Antibiotic resistance is a growing problem, as dangerous pathogens learn to mutate to evade effective treatments. Staphylococcus aureus (S aureus; SA) is one such resistant microbe, and investigators have been attempting to develop an effective vaccine for some time.

Animal studies have produced potential SA vaccine candidates, but these have all failed to translate to humans. One study, published in Cell Host & Microbe, noted that a key difference between animals and humans is the latter are naturally exposed to S aureus. Indeed, previously infected mice could not mount an adequate immune response to SA vaccination, unlike infection naïve mice.

“Staph vaccines appear so easy to make in laboratory mice because they rarely see S aureus,” said Chih-Ming Tsai, PhD, the first author of the study. “But humans are exposed to staph beginning in the first weeks of life and, in order to coexist, staph appears to have developed many strategies to render ineffective our immune response against them.”

Tsai and fellow investigators made this discovery after recreating one of the largest failed human SA vaccine trials, a phase 3 study of an iron-regulated surface determinant protein B (IsdB) vaccine candidate.

The team intraperitoneally infected 6 mice with SA 1-3 times a week, seeking to achieve a steady serum IsdB antibody titer. Then, they vaccinated the mice with the recombinant IsdB candidate and evaluated for bacterial burden and mouse mortality.

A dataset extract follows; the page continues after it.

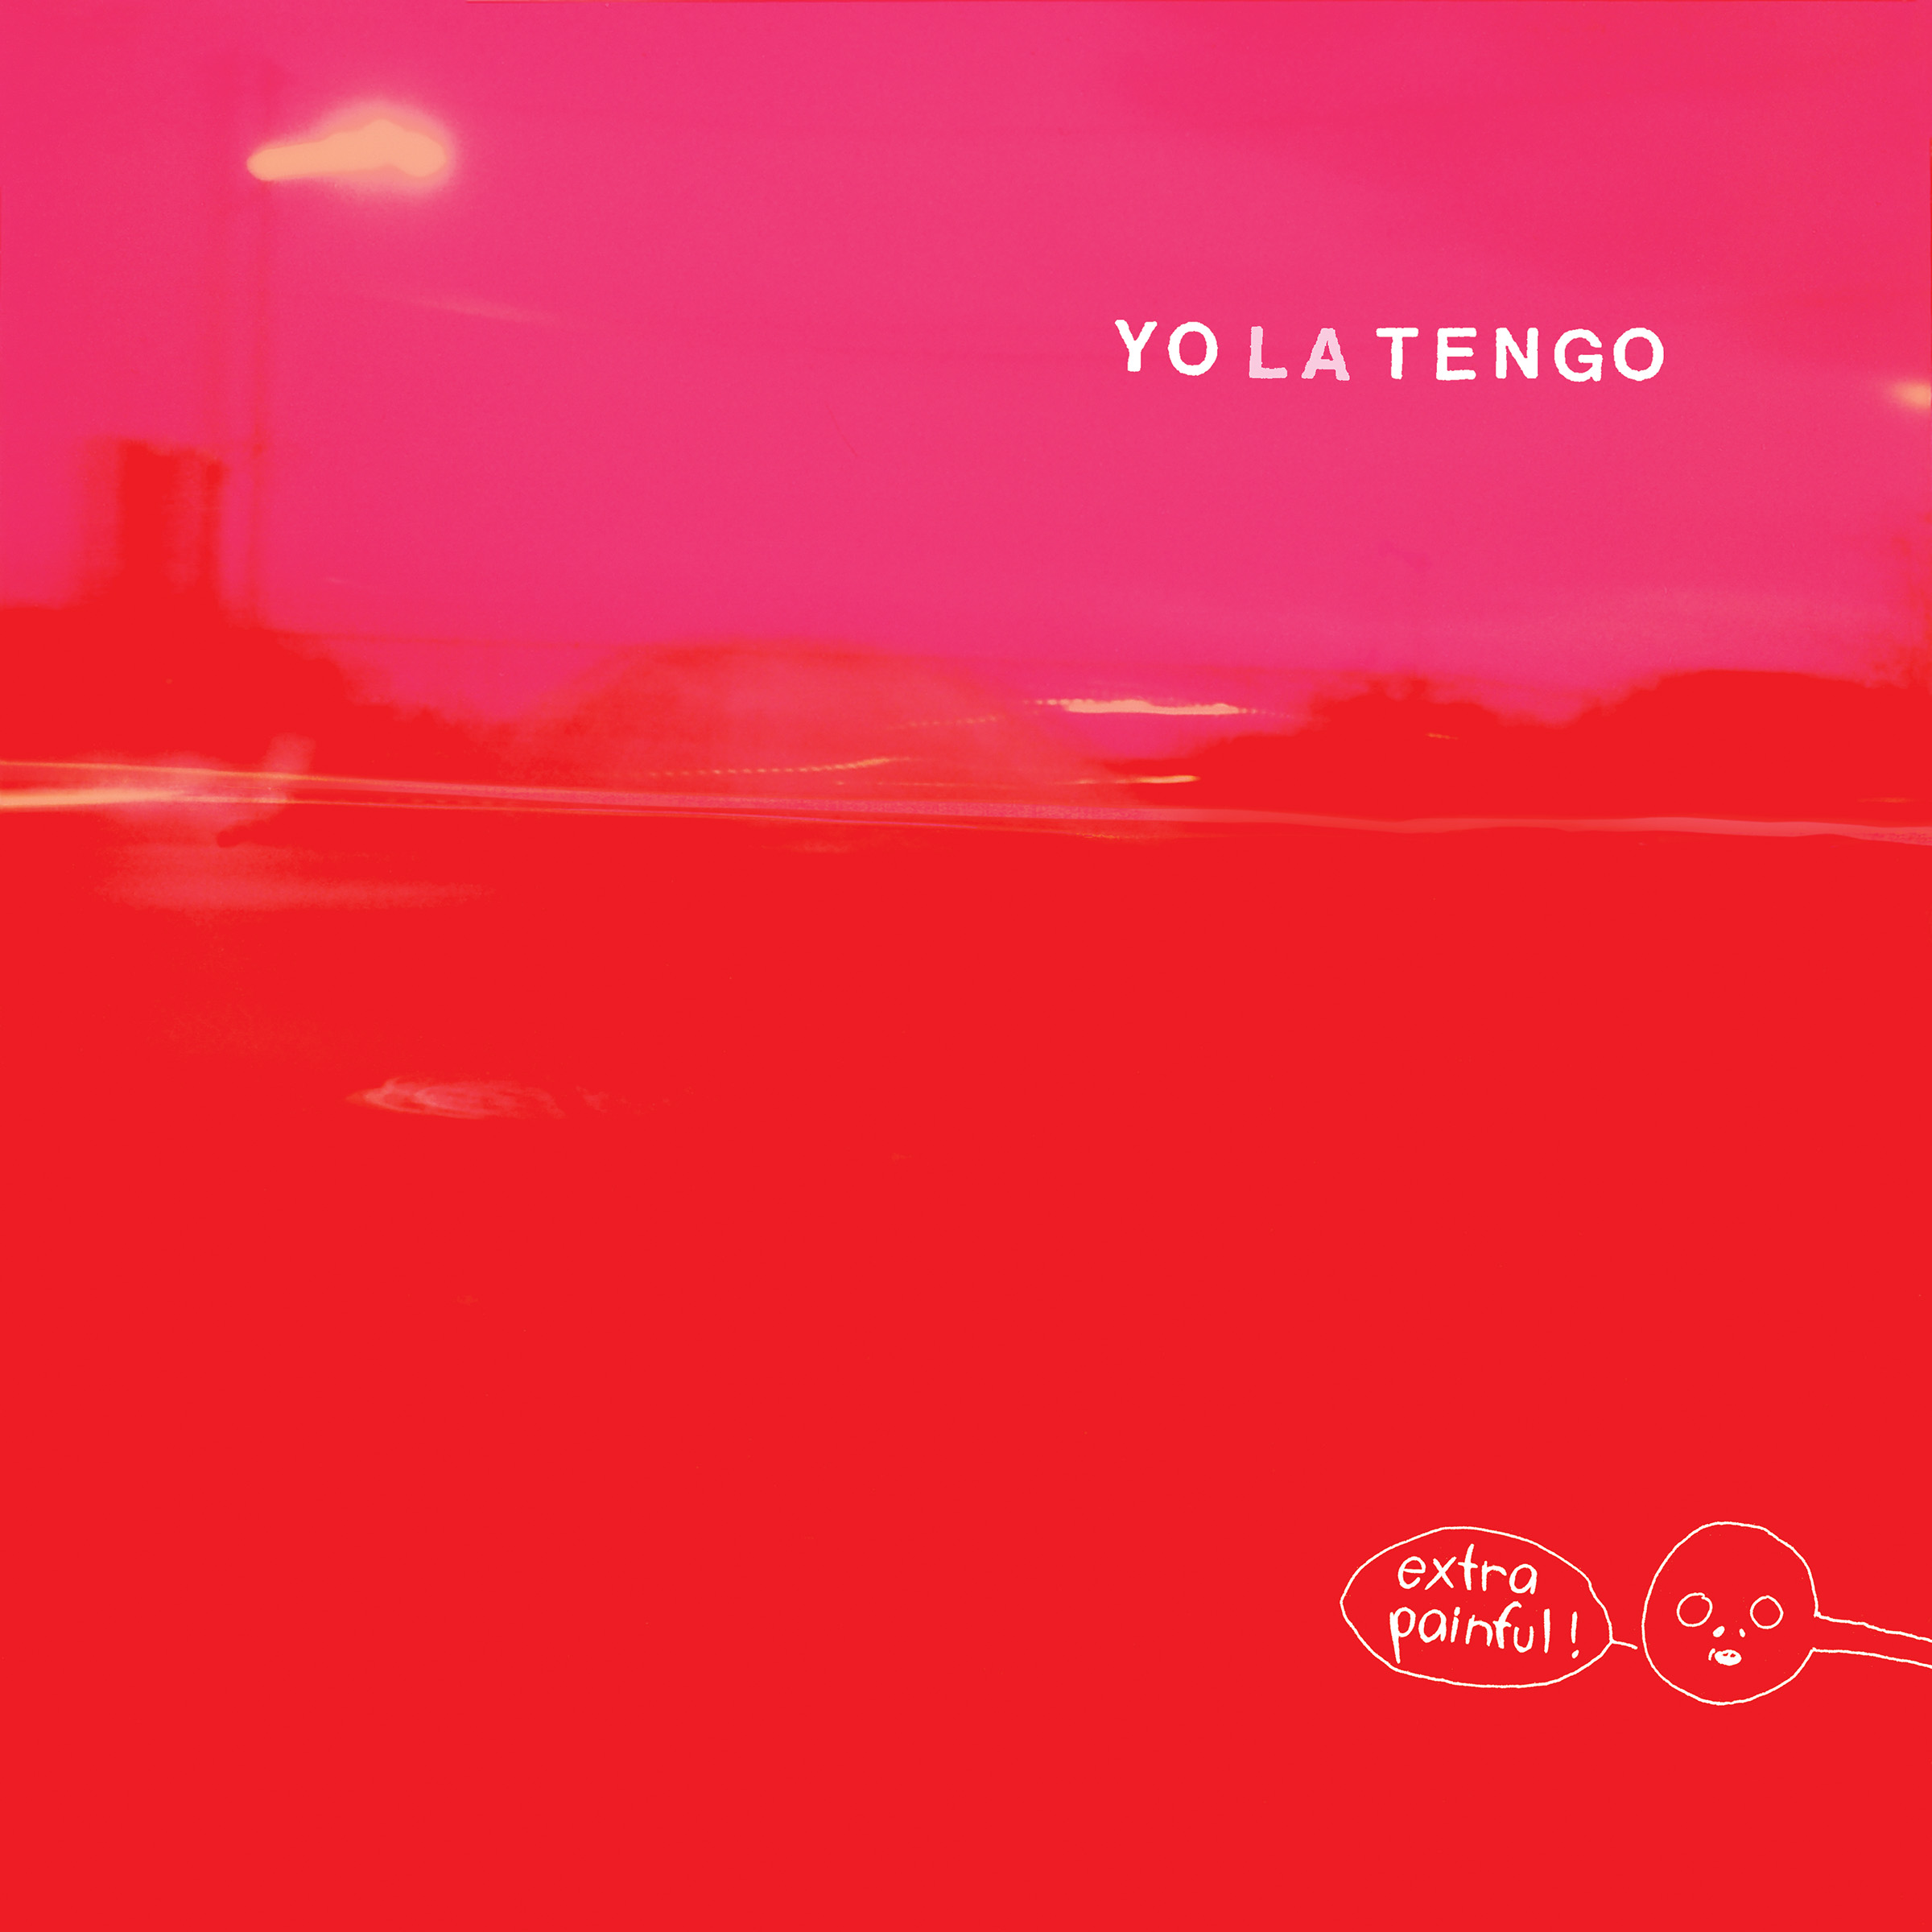 Yo La Tengo - Extra Painful (Reissue) - 2xCD

The investigators found that the IsdB vaccine was highly effective against SA in naïve mice, but the mice with 2-3 prior SA infections did not have an adequate antibody response to the vaccine candidate.

To determine why this was, the investigators compared IsdB-specific antibodies generated by SA infection, antibodies generated by infection followed by vaccination, and antibodies generated by vaccination alone. They noted that opsonophagocytic killing (OPK) of SA by neutrophils was more efficient in the SA vaccinated and infection-naïve mice.

This observation led the investigators to explore antibody glycosylation, which has been proven to reduce opsonophagocytosis by blunting FcgRIII and FcgRIIb binding. After seeing no difference in FcgRIIb binding between the antibodies of naïve mice and infected mice, the investigators concluded that α2,3 sialylation of anti-IsdB antibodies had likely blunted opsonophagocytosis through interaction with another receptor on myeloid cells.

When the investigators vaccinated mice only against the protective component of the IsdB protein, both the SA-infected and SA naïve mice were protected. The investigators concluded, “he earlier vaccines failed because of the faulty memory of the pathogen and the corresponding immune response.”

A successful staph vaccine would likely be the most effective way to reduce the burden of infections and the advance of antimicrobial resistance. “Based on new understanding of how staph vaccines failed, we could look for new ways to overcome the root cause of vaccine failure in our study—the non-protective memory left by prior staph exposure,” said study author George Liu, MD, PhD.

Unlike mice and other animals in a laboratory setting, over 50% of human infants are exposed to SA during their first 2 months of life. This mechanistic framework explaining the failure of the IsdB vaccine trial may soon lead to a successful S aureus vaccine.